St. Andre also appeals the district court’s denial of his informal request, made pursuant to Fed.R.Civ.P. 56®, for a continuance to conduct additional discovery prior to the summary judgment hearing. We review the district court’s denial of his request for an abuse of discretion. Nidds v. Schindler Elevator Corp., 113 F.3d 912, 920-21 (9th Cir.1996). A district court does not abuse its discretion by denying a Rule 56(f) motion “if the movant has failed diligently to pursue discovery in the past.” Id. at 921, citing Conkle v. Jeong, 73 F.3d 909, 914 (9th Cir.1995). Over two years elapsed between the time St. Andre filed his form complaint in the district court on September 2, 1998 and the summary judgment hearing on November 2, 2000. Although St. Andre initially filed pro per, he was represented by counsel for the year prior to the discovery cutoff, and appears to have been continuously represented (albeit by different counsel) for the remainder of the discovery period. There does not appear to be any reason why St. Andre, had he “diligently pursued discovery,” could not have obtained affidavits and medical records from friendly witnesses.

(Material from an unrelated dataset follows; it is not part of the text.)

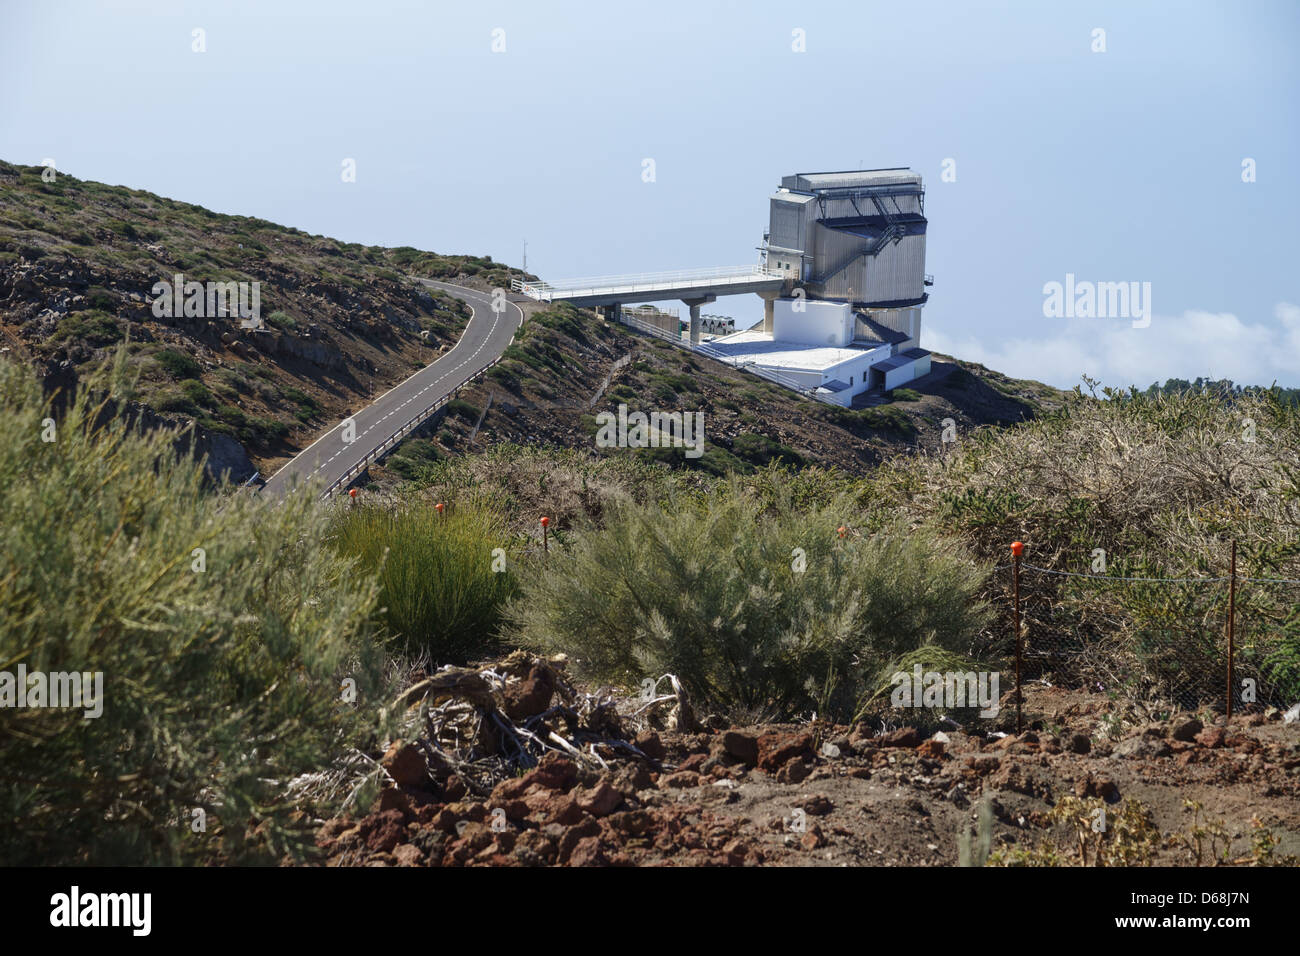 La Palma Isole Canarie - gli osservatori a Los Muchachos. Il Telescopio italiano Galileo. Foto Stock
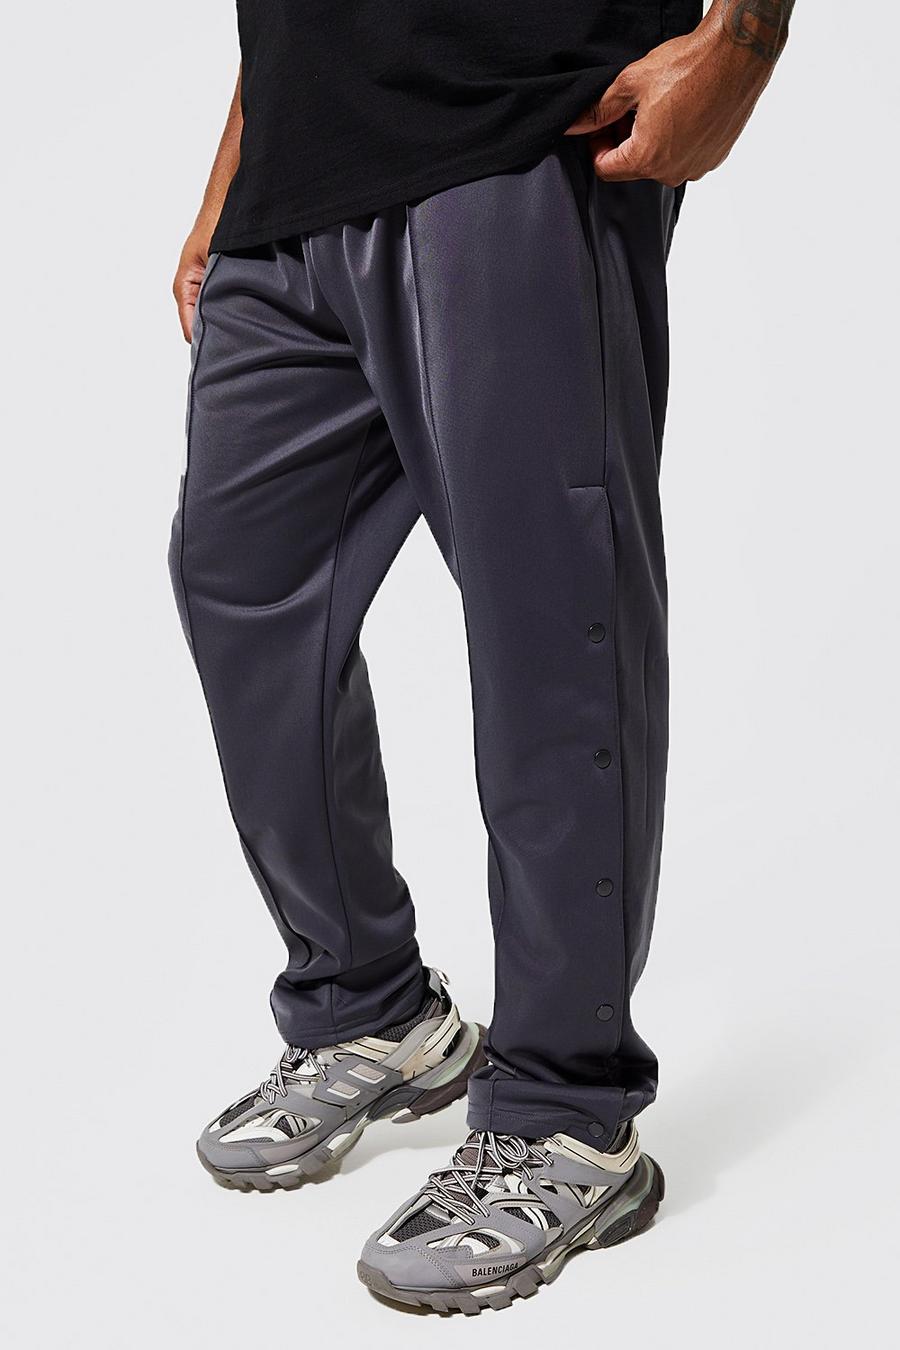 פחם grigio מכנסי ריצה בגזרה רגילה מטריקו עם תיקתקים מידות גדולות

Finally, St. Andre argues that his 1997 administrative charge was timely because he was the victim of discriminatory conduct amounting to a “continuing violation.” If a plaintiff can show either “ ‘a continuing policy and practice of discrimination on a company-wide basis [operating] at least in part within the limitation period’ ” or “a ‘series of related acts, one or more of which falls within the limitations period,’ ” the entire course of conduct is treated as a continuing violation and is actionable. Fielder v. UAL Corp., 218 F.3d 973, 983 (9th Cir.2000), citing Green v. Los Angeles Cty. Superintendent of Sch., 883 F.2d 1472, 1480 (9th Cir.1989). We agree with *448the district court that St. Andre did not allege sufficient facts to support his assertion that his 1997 complaint was timely due to a continuing violation by USPS extending into 1997.

' AFFIRMED.

This disposition is not appropriate for publication and may not be cited to or by the courts of this circuit except as may be provided by Ninth Circuit Rule 36-3.